MiCA ne met pas « tout » dans le même sac. Il distingue notamment trois familles.
| Famille MiCA | Idée simple | Exemple pédagogique |
|---|---|---|
| Jetons de monnaie électronique (EMT) | « Stablecoin » indexé sur 1 seule monnaie (ex : 1 token = 1 euro) | Un token qui cherche à suivre l’EUR |
| Jetons se référant à un ou des actifs (ART) | « Stablecoin » indexé sur un panier (plusieurs monnaies, matières premières, etc.) | Un token indexé sur un panier EUR+USD |
| Autres crypto-actifs (dont utility tokens) | Le reste : tokens de projets, tokens d’accès à un service, etc. | Un token donnant accès à une appli |
Attention
MiCA prévoit aussi des cas hors champ ou partiellement hors champ, selon les situations : certains NFT « vraiment uniques », certains montages très décentralisés, ou des actifs déjà régulés par d’autres textes financiers. Pour comprendre comment ces actifs numériques s’articulent avec la fiscalité française, consultez notre guide sur la fiscalité des plus-values mobilières.
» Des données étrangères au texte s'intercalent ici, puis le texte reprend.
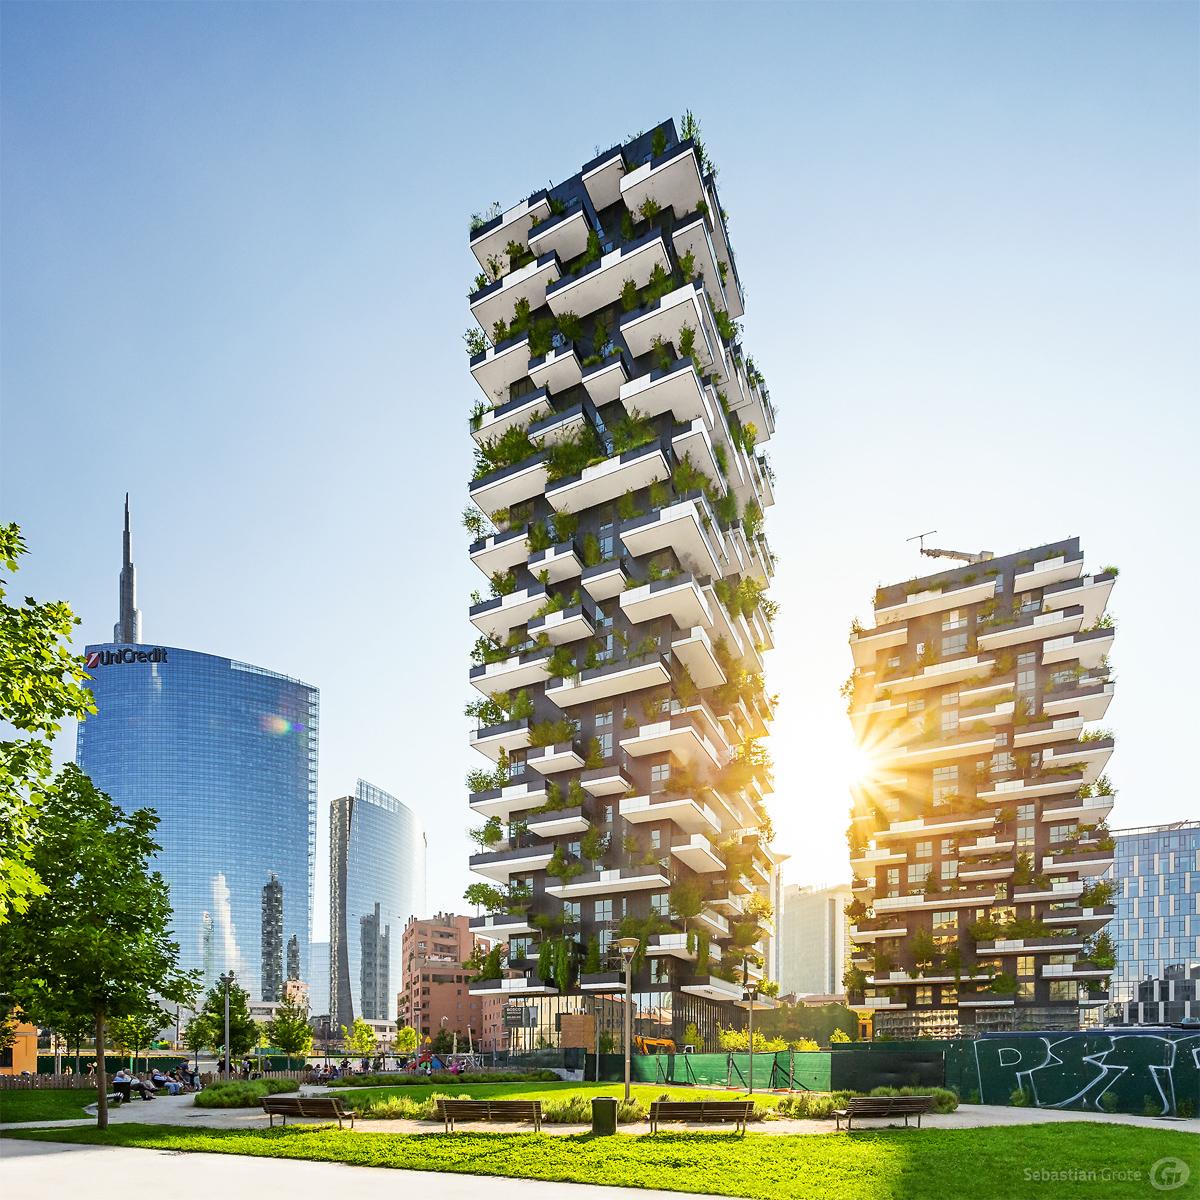 Bosco verticale milano on behance for Garden designer milano

Que change MiCA pour un investisseur particulier ?
MiCA ne supprime pas les risques. Mais il augmente les obligations côté professionnels. Pour vous, cela se traduit surtout par plus d’information et plus de garde-fous.
- Davantage de transparence avant achat (documents d’information, risques, frais, droits).
- Des règles sur la communication marketing : elle doit être cohérente avec l’information officielle et moins trompeuse.
- Des obligations d’organisation pour les plateformes (gouvernance, continuité d’activité, traitement des réclamations).
- Un cadre contre certains abus de marché (ex : manipulation, informations privilégiées sur certains marchés crypto).
Exemple simple : si une équipe promet « +20% par mois garanti », MiCA ne rend pas la promesse vraie. Mais la communication devient plus risquée juridiquement pour l’émetteur et l’intermédiaire, surtout si elle contredit les risques décrits.
Si vous détenez des crypto-actifs sur des plateformes étrangères, pensez également à vos obligations déclaratives françaises. Notre guide sur les comptes à l’étranger et le formulaire 3916 vous éclaire sur ce point.
Le « livre blanc » MiCA, c’est quoi concrètement ?
Pour beaucoup d’offres au public, MiCA impose un document d’information (souvent appelé « livre blanc » ou white paper réglementaire). L’idée est proche d’une fiche produit très complète.
Il doit expliquer, notamment :
- qui est derrière le projet ;
- ce que le token représente (droits, usage, limites) ;
- comment il fonctionne techniquement ;
- les risques (volatilité, liquidité, dépendances techniques) ;
- les coûts et mécanismes de distribution.
MiCA prévoit aussi une responsabilité civile liée aux informations contenues dans ce document. Autrement dit : écrire n’importe quoi devient plus coûteux.
Dans quels cas le livre blanc peut-il ne pas être obligatoire ?
Il existe des exemptions fréquentes, avec des seuils chiffrés. Par exemple, le livre blanc peut ne pas être requis si l’offre est :
- faite à moins de 150 personnes par État membre (agissant pour leur propre compte) ;
- d’un montant total inférieur ou égal à 1 000 000 € sur 12 mois (au niveau de l’UE) ;
- réservée uniquement à des investisseurs qualifiés, avec des tokens qui ne peuvent être détenus que par eux.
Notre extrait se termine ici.